On September 23, 2022, a coalition of limb-girdle muscular dystrophy (LGMD) organizations held an Externally-Led Patient Focused Drug Development (EL-PFDD) meeting for six LGMD subtypes: 2C (R5), 2D (R3), 2E (R4), 2F (R6), 2A (R1), and 2i (R9). The LGMD Coalition includes the following organizations: Coalition to Cure Calpain 3, CureLGMD2i, Kurt+Peter Foundation, LGMD2D Foundation, McColl-Lockwood Laboratory for Muscular Dystrophy Research, and the Speak Foundation.
The goal of this meeting was to provide the U.S. Food and Drug Administration (FDA), product developers, clinicians, industry, and academic researchers an opportunity to hear perspectives from individuals with LGMD on the health effects, daily impacts, treatment goals, and decision factors considered when seeking out or selecting a treatment.
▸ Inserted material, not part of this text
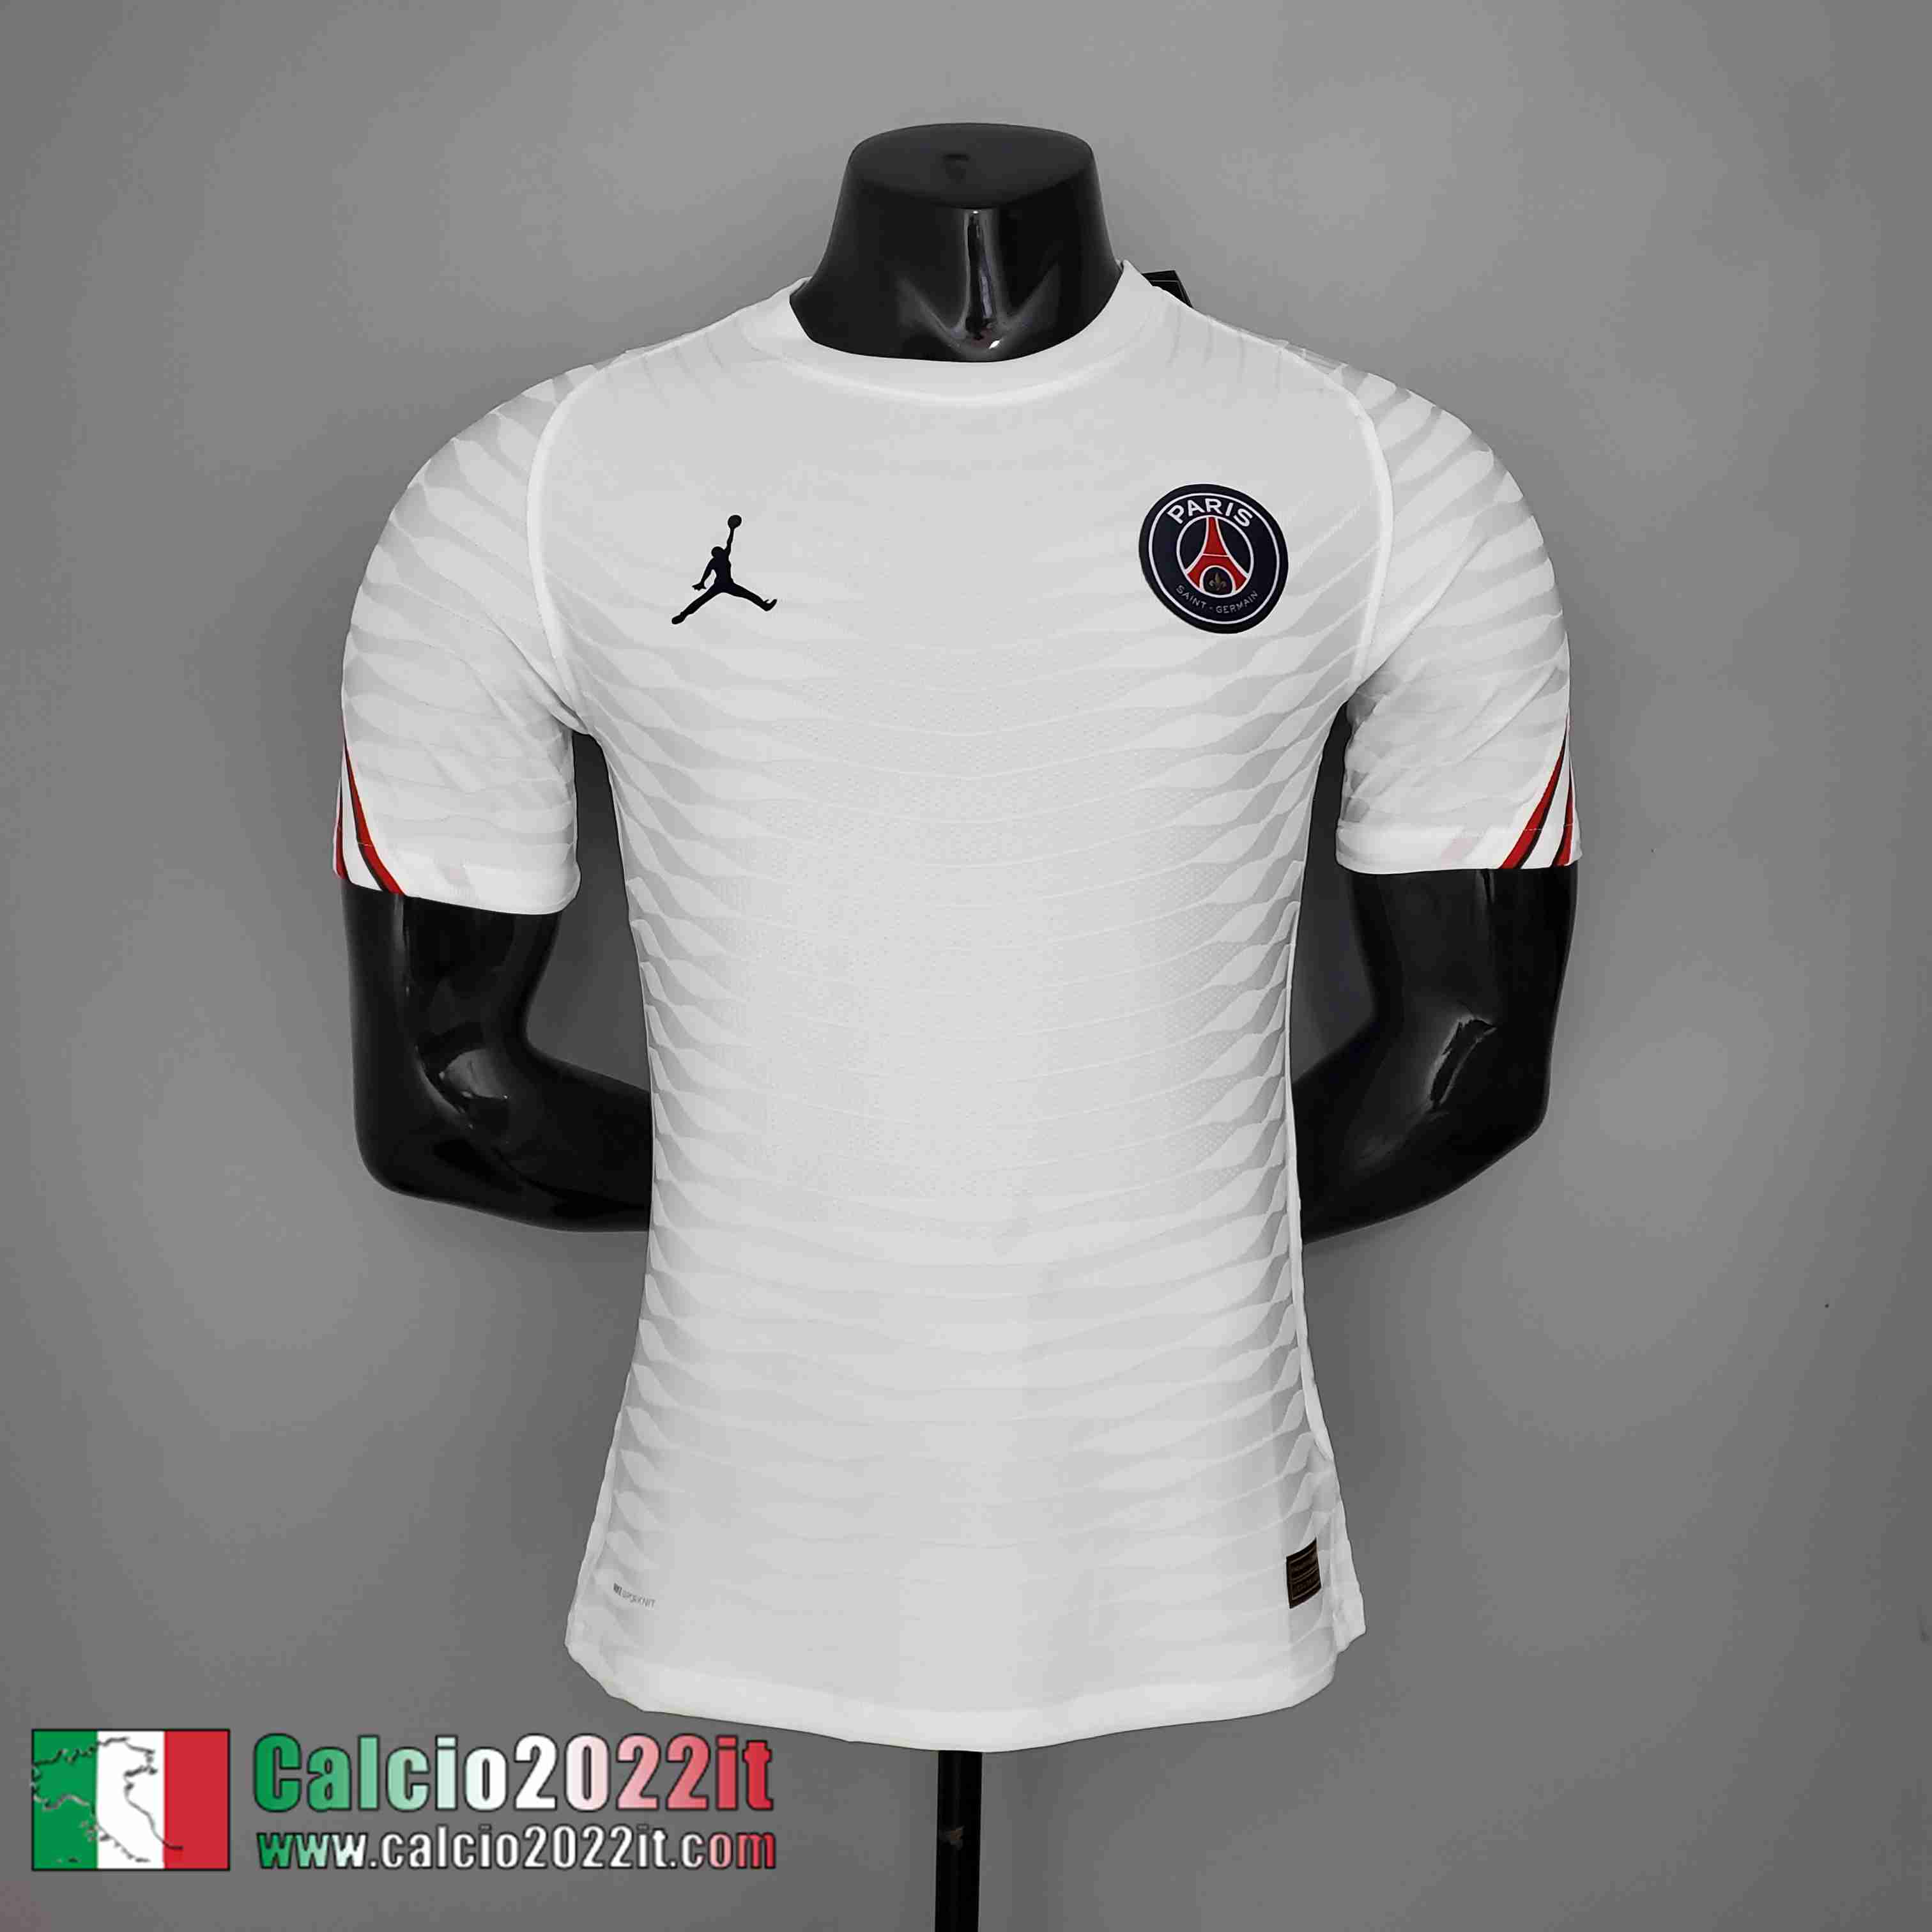 PSG T-shirt Uomo Nero KT02 2021 2022

This meeting was conducted as a parallel effort to FDA’s EL-PFDD initiative, a commitment under the fifth authorization of the Prescription Drug User Fee Act (PDUFA V) to more systematically gather patients’ perspectives on their conditions and available therapies to treat their conditions.
Please note that this initial endeavor represented Phase 1 and included six LGMD subtypes. We anticipate additional LGMD subtypes will pursue EL-PFDD meetings in the future.
Below on this page you can view the recorded footage of the meeting or read the summary of the meeting in our Voice of the Patient (VOP) report. You can also find more information about this EL-PFDD meeting at this link:
Watch the first ever Limb-Girdle Muscular Dystrophy Externally-Led Patient-Focused Drug Development (EL-PFDD) meeting held on September 23, 2023.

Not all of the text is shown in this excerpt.